Patients and Tumor Specimens Our study group consisted of 57 patients with colorectal carcinoma with a mean age of 64.6 ± 13.6 (standard deviation) years. All patients underwent primary R0 resection without neoadjuvant chemotherapy or neoadjuvant radiation therapy between 1993 and 1996. Two stage II patients with rectal carcinoma received adjuvant radiochemotherapy (fluorouracil [FU]/folic acid, 50 Gy; in one case in combination with intraoperative radiation with 15 Gy). For the 20 stage III tumors, eight patients received adjuvant chemotherapy (FU/folic acid), four patients received adjuvant radiochemotherapy (FU/folic acid, 50 Gy), and eight patients did not get adjuvant therapy because of reduced state of health or patient refusal. The single stage IV patient was operated for stenosing rectal carcinoma and resectable solitary lung metastasis and refused adjuvant therapy. Statistical analysis showed no influence of adjuvant therapy on patient survival in all stage groups. The resection procedures for the 30 rectal carcinomas (53%) included 10 abdominoperineal extirpations and 20 anterior resections. For the 27 colon carcinomas (47%), one anterior resection, six sigmoid resections, two left hemicolectomies, 15 right hemicolectomies, and three subtotal colectomies were performed. The absence of residual tumor after resection (R0 resection) and the tumor stages were classified according to the International Union Against Cancer (UICC; Table 1). 18
From the resected specimen of each patient, samples from both the cancer tissue and the adjacent noncancer mucosa were obtained, immediately shock-frozen in liquid nitrogen, and stored at 80°C within 1 hour after resection until use.
Clinical Follow-Up
DNA and RNA Extraction
Telomere Length Measurement
Quantification of hTERT Expression Kinetic PCR quantification of hTERT-encoding mRNA was performed in a real-time, one-step reverse transcriptase PCR using the LightCycler TeloTAGGG hTERT Quantification Kit (Roche Diagnostics) as described earlier.17
Statistical Analysis
Telomere Length and hTERT Expression hTERT-encoding mRNA was found in all 57 noncancer mucosa and colorectal carcinoma tissue samples, with expression levels as reported earlier.17 Median telomere lengths in noncancer mucosa and cancer tissue of all 57 patients were 6.8 kb (range, 5.5 to 8.6 kb) and 5.7 kb (range, 4.1 to 7.6 kb), respectively. Overall, cancer tissue had significantly shorter telomeres than matched adjacent mucosa (P < .001).

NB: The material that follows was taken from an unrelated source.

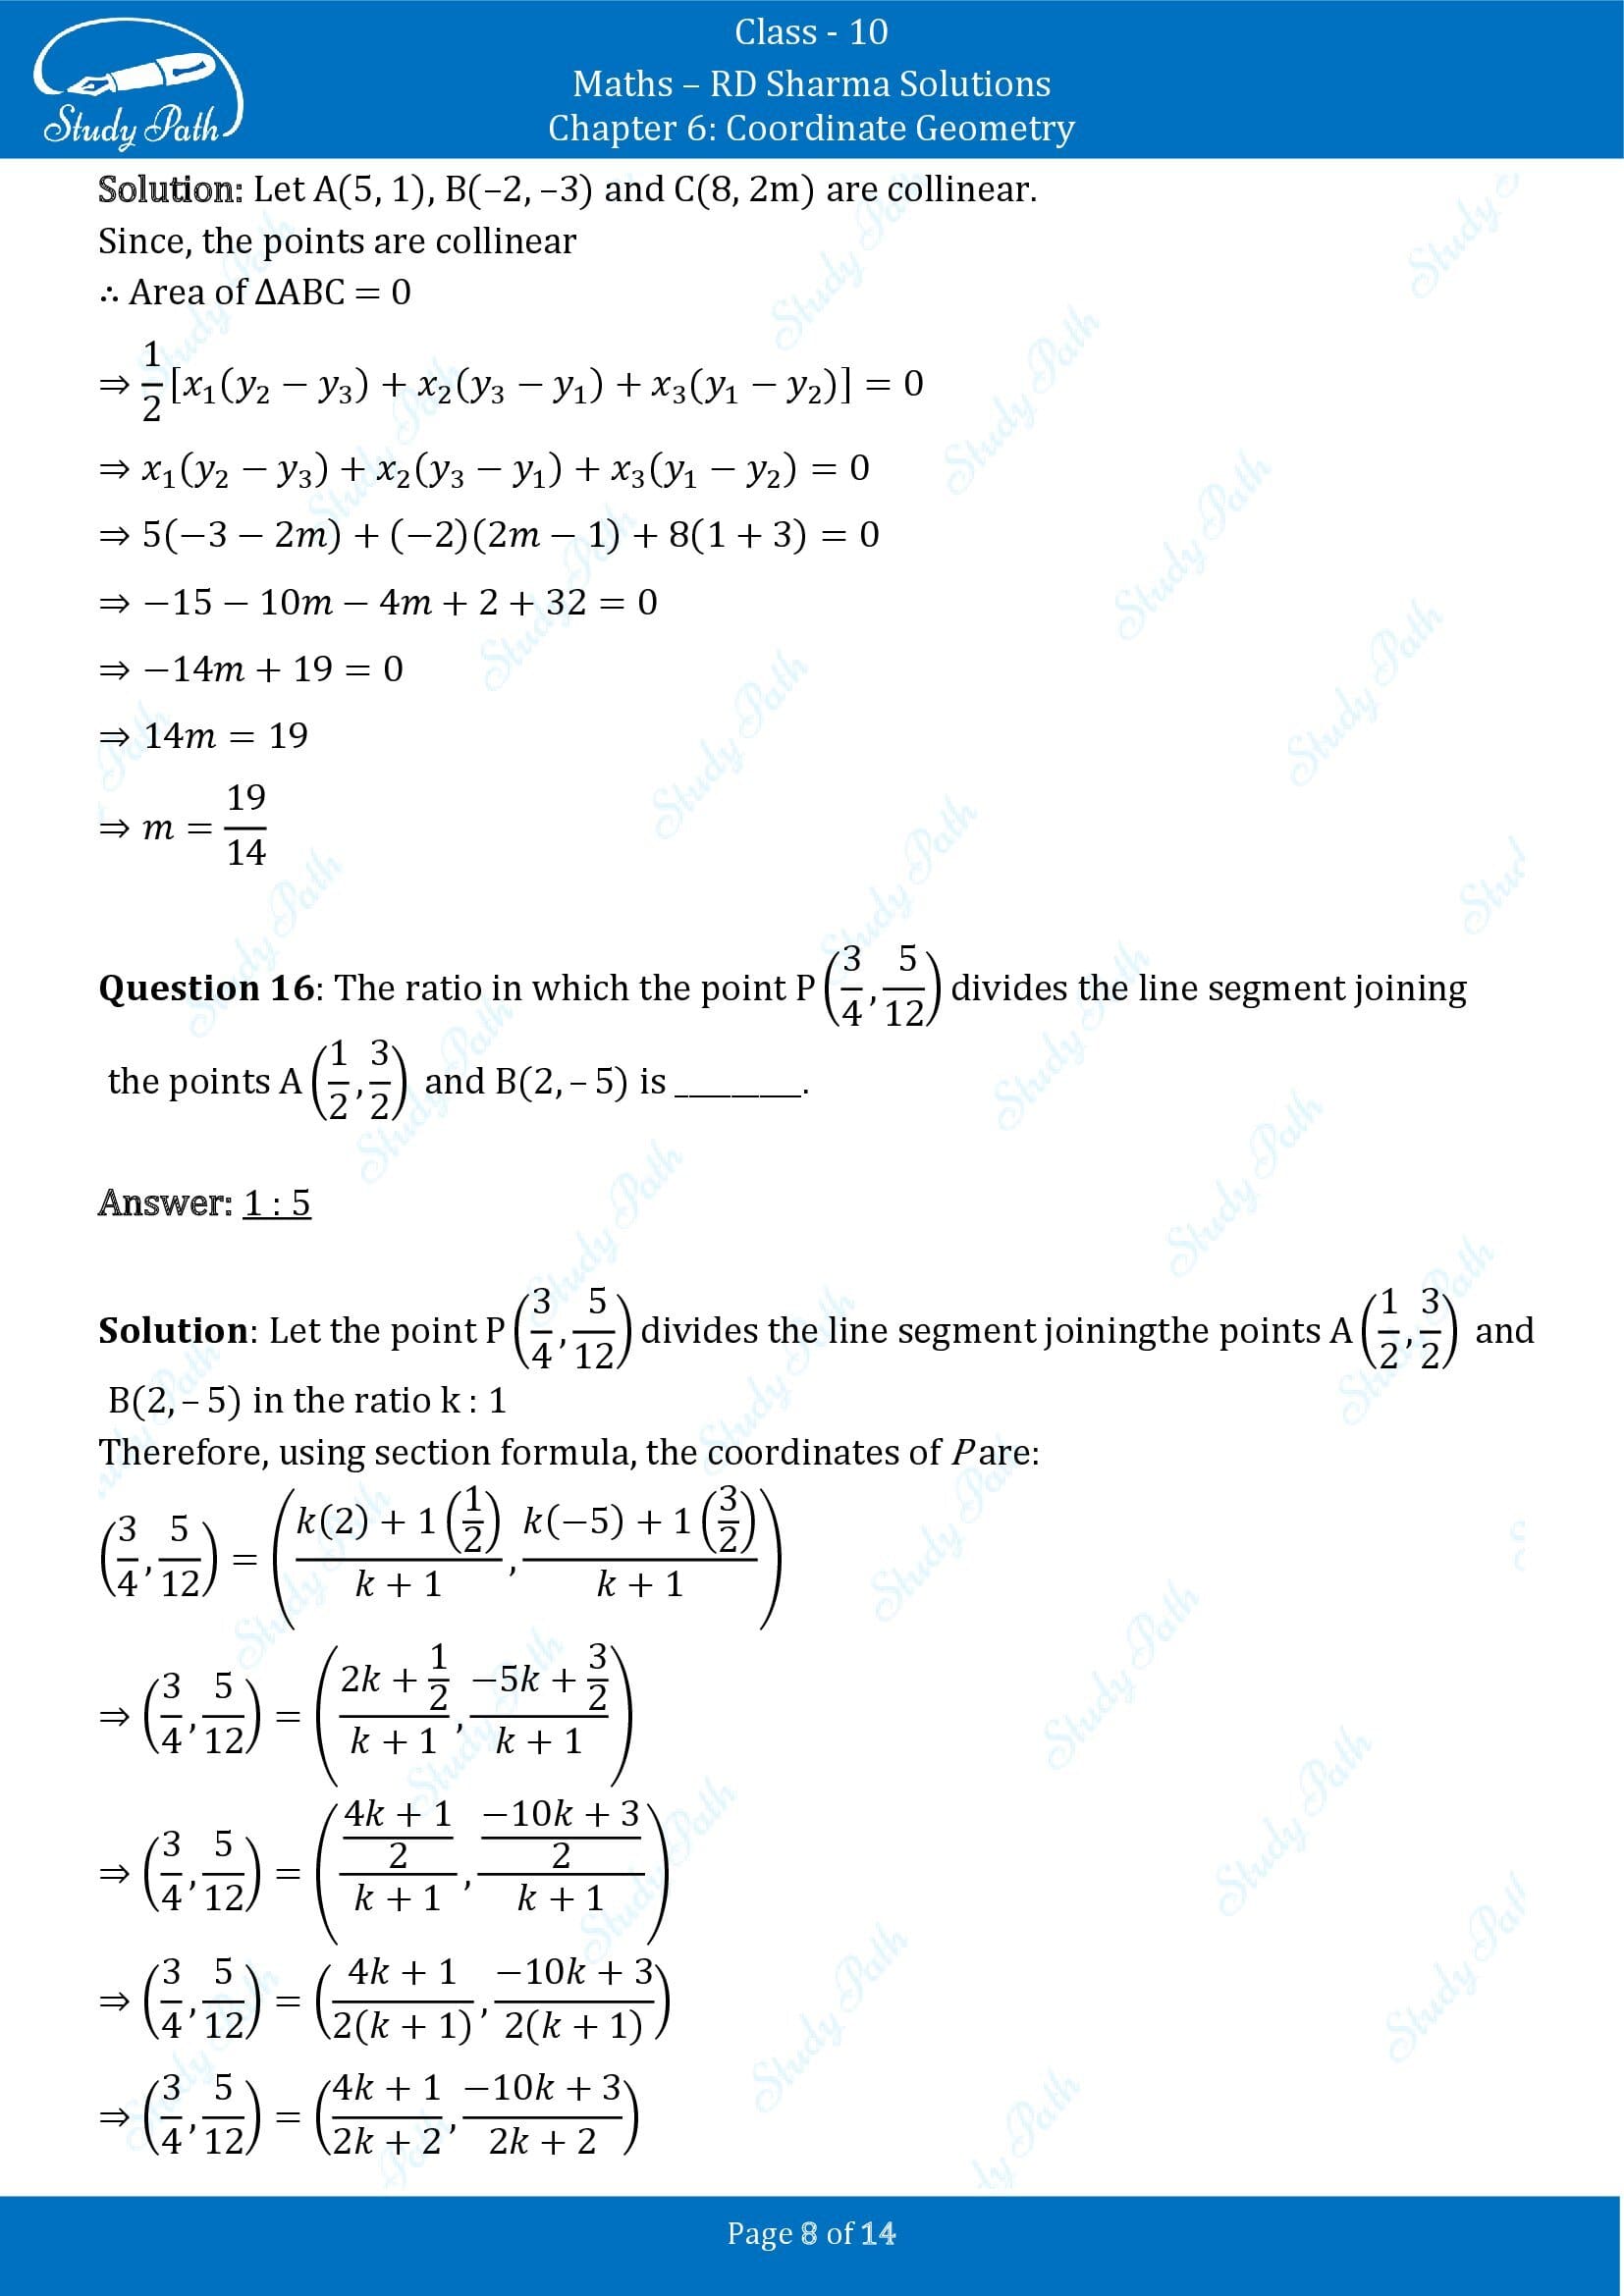 RD Sharma Solutions Class 10 Chapter 6 Coordinate Geometry Fill in the Blank Type Questions FBQs 00008

Patient-by-patient comparison of matched tissue samples showed longer telomeres in the noncancer mucosa than in the cancer tissue in 49 patients (86%), with a median difference of 1.3 kb (range, 0.1 to 3.7 kb). The eight patients (14%) with longer telomeres in the cancer tissue showed a median difference of 0.4 kb (range, 0.1 to 1.1 kb). The ratio of telomere lengths in cancer tissue to corresponding noncancer mucosa showed a median of 0.84 (range, 0.53 to 1.17). Significant positive correlations between telomere length and hTERT expression were found in both noncancer colorectal mucosa (r = 0.54; P < .001; Fig 2A) and colorectal carcinoma (r = 0.52; P < .001; Fig 2B). The ratios of cancer to noncancer tissue for telomere length and hTERT expression were significantly correlated as well (r = 0.47; P < .001).
Only in adjacent noncancer mucosa samples did both telomere length and hTERT expression decrease with aging (r = 0.36, P < .01; and r = 0.25, P = .06, respectively; Fig 3), with a telomere length reduction of 19 bp per year. In colorectal carcinoma tissue, both parameters were independent of age.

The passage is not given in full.